日本最大の基礎自治体・横浜市の中で、市内3番目に多い人口28万人を抱える鶴見区。新春にあたり、その区行政においてトップを務める征矢雅和鶴見区長に、今年度の事業の進捗や、今後の展望について話を聞いた。(聞き手/本紙・浜田貴也)
「自助」「共助」を支援
――昨年を振り返って。区の重点事業として防災を挙げられていたと思いますが、事業の進捗等はいかがでしょうか。
「昨年を振り返って、特に印象に残るのは、8月の豪雨による広島の土砂災害でしょうか。74人の命が奪われ、重傷・軽傷を合わせると実に100人を超える人的被害と、全壊を含め4500戸を超える住家被害がありました。また、市内では、台風18号に伴う土砂崩れによって、2人の命が奪われるなど痛ましい被害がありました。これらの災害から我々が教訓とすることは、被害を可能な限り未然に防ぎ、また、最小限にするためには、やはり皆さまの日頃の備えである『自助』と地域の助け合いとしての『共助』が必要不可欠であるということです。
そのような中で、区内に目を向けますと、昨年は、地域や事業者の皆さまとの防災における連携が進められた年でした。
まずは、總持寺や総持学園との連携についてですが、10月に『災害時における施設等の提供協力に関する協定』を締結させていただきました。これによって、帰宅困難者の受入れやトイレ、水の提供など様々なご協力をいただけることになりました。
また、臨海部に位置する鶴見区特有の課題である津波対策という面では、物流施設の運営事業を展開するグローバル・ロジスティック・プロパティーズ株式会社との連携が挙げられます。同社は、生麦2丁目に施設を有していますが、周辺は津波避難対象区域とされているため、地域の皆さまから、『安全性の高いこの施設を使用させてもらえないか』というご要望をいただいていました。

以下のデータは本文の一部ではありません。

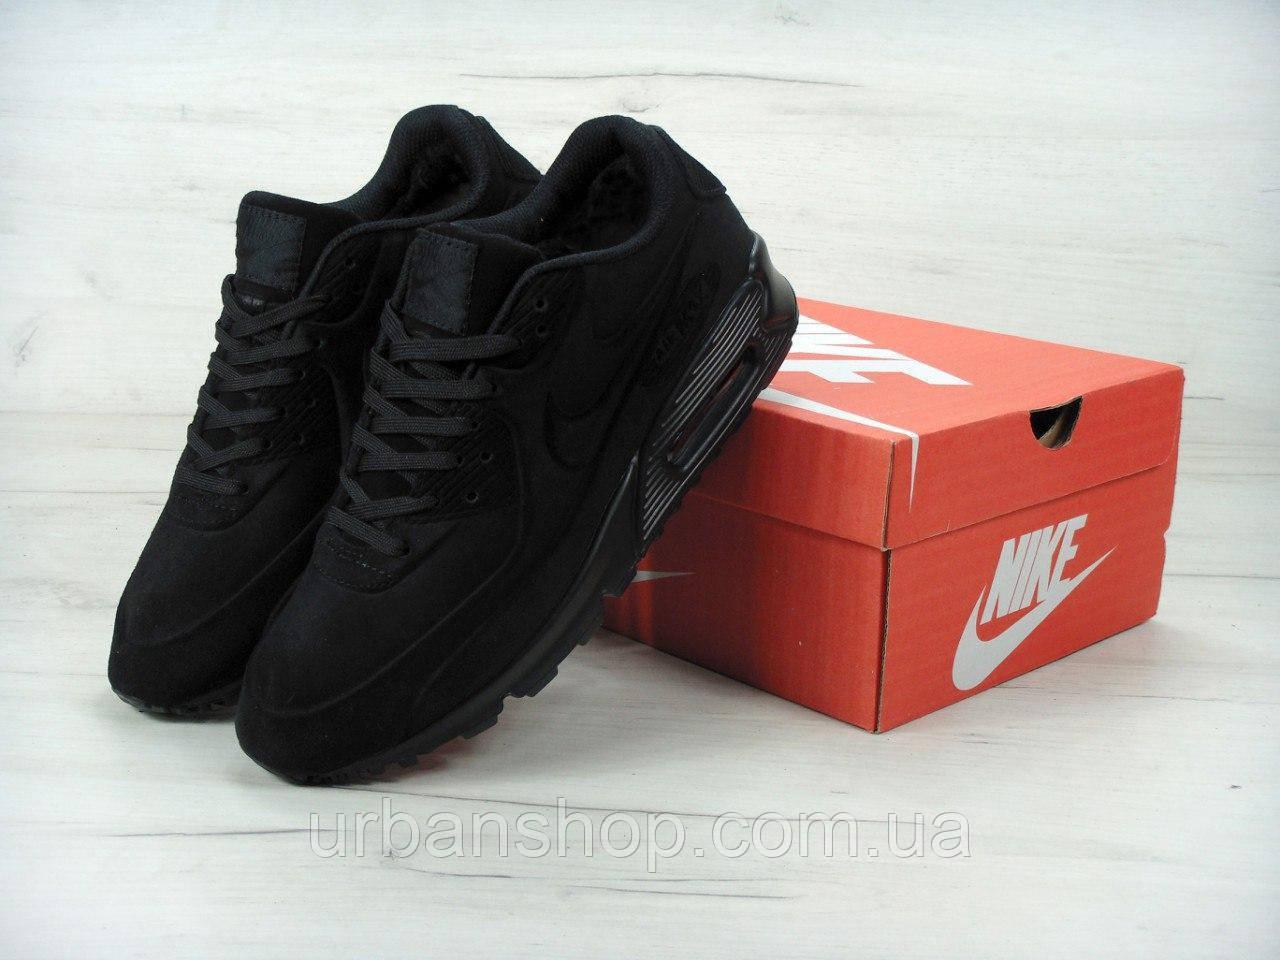 3785031e Зимние мужские кроссовки Nike Air Max 90' VT Tweed

そこで、同社と協議を重ね、10月に、『津波発生時における施設等の提供に関する協定』を締結し、津波避難者に対して、一時的に施設を開放していただけることになりました。また、施設入口が住宅地の反対側にあるなどの課題については、門扉、通路等の設置を協力して行うなど、より安全で効率的に避難ができるよう改善されました。

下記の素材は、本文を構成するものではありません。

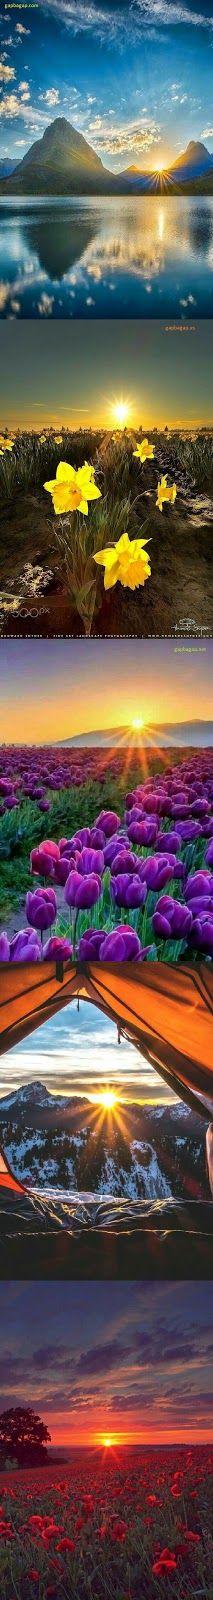 Top 5 Amazing Photography Of Sunrise and Sunset

さらに、地域と事業者の皆さまとの連携も進められています。6月に、駒岡地区連合会、寺尾地区自治連合会とトレッサ横浜によって、『災害発生時の応援協力に関する覚書』が交わされました。これにより、地域の災害時の一時的な避難場所として、トレッサ横浜を活用させていただけることになりました。さらに10月には、共同防災訓練が行われるなど、今後地域における共助の取組が一層進むものと期待を寄せています」
健康増進へ事業展開
――鶴見区は健康寿命が市内18区中最低レベルにありますが、区民の健康増進のための取組についてお聞かせください。
「現在、平均寿命や健康寿命を延ばすため、区独自に『ヘルスアッププラン』事業を推進しています。

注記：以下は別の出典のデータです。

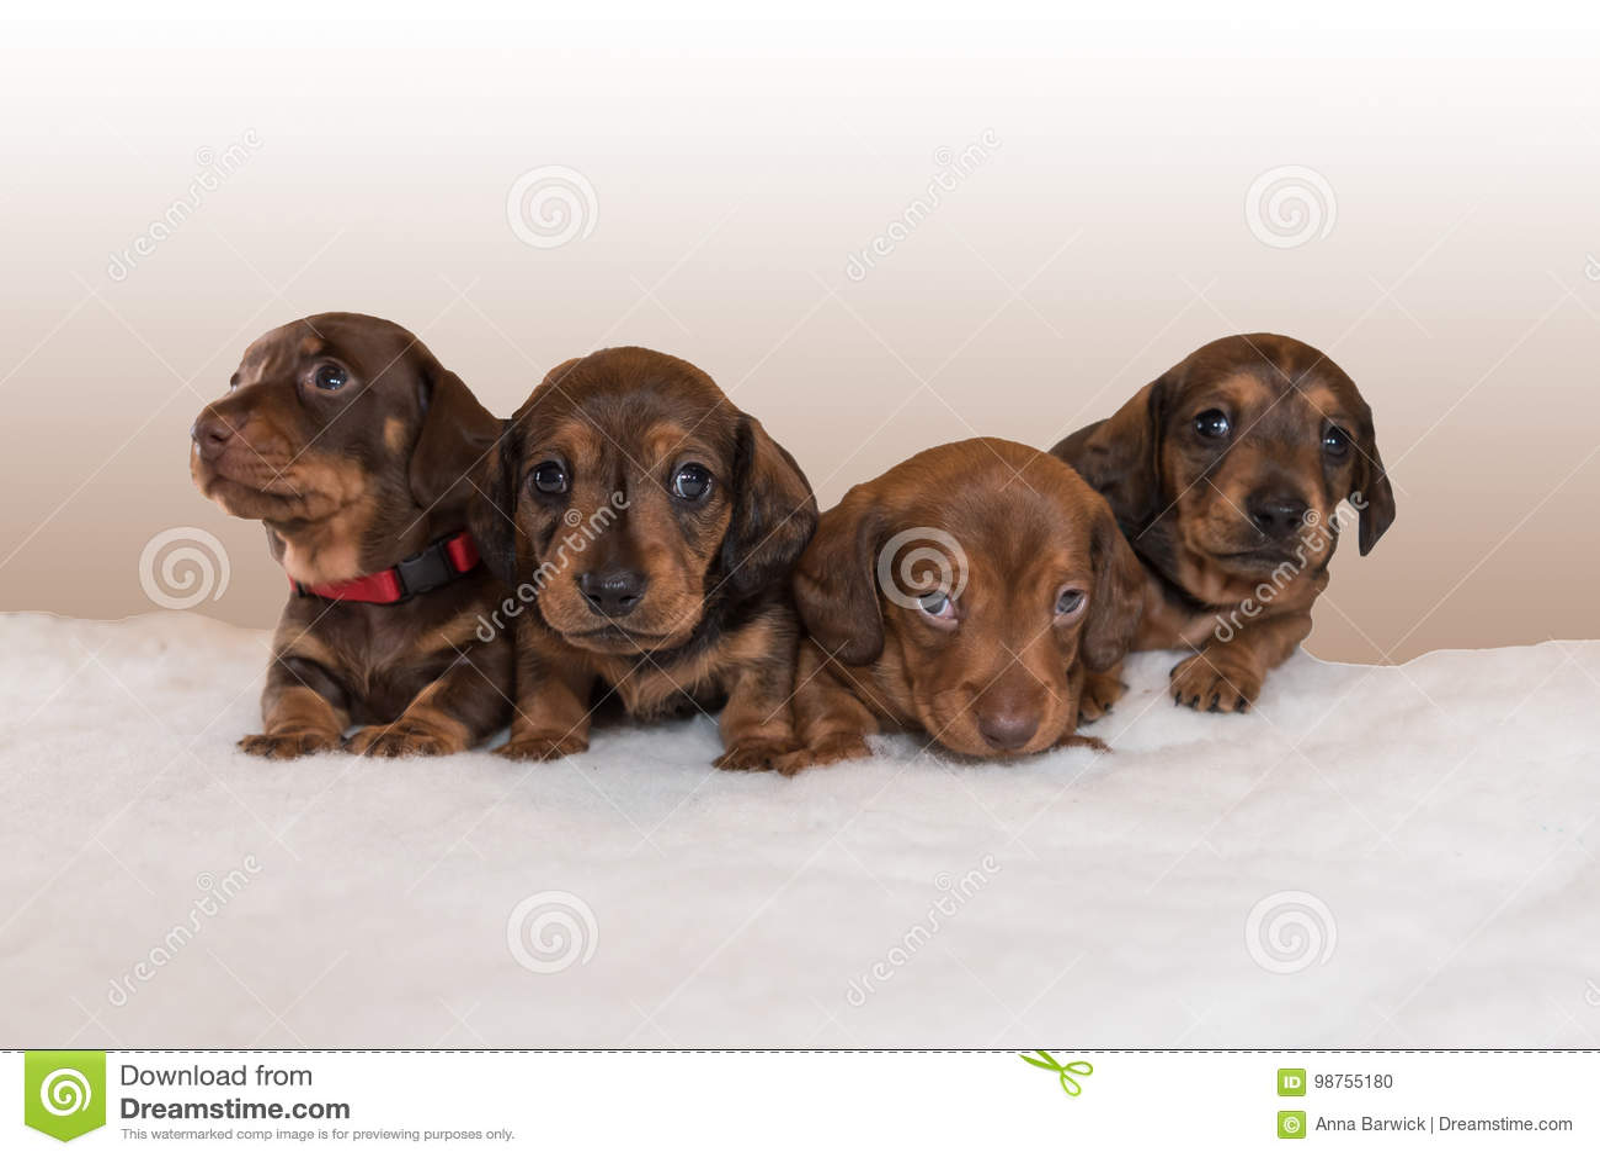 Miniature Dachshund Puppies On Fluffy White Blanket Stock

まず、18区の中で『健康づくり推進会議』を先駆的に実施していますが、これは、企業、医療関係者、学校、保育園、地域の関係団体、行政等が新たなネットワークを構築し、効果的な健康づくり事業の推進を目指しています。成果として、顔の見える関係になった地域ケアプラザとドラッグストアの協働による健康チェック事業、食生活等改善推進員とJAによる食育講座、保健活動推進員による健康講座で済生会横浜東部病院の医師が講師になるなど、新たな連携による取組が数多く生まれています。
次に、市では『ウォーキングポイント事業』を進めていますが、鶴見区でも『あなたも姿勢美人』〜ウォーキング講座〜を実施しています。平均歩数の増加や歩く姿勢が良くなることにより、体調や生活習慣の改善が見られています。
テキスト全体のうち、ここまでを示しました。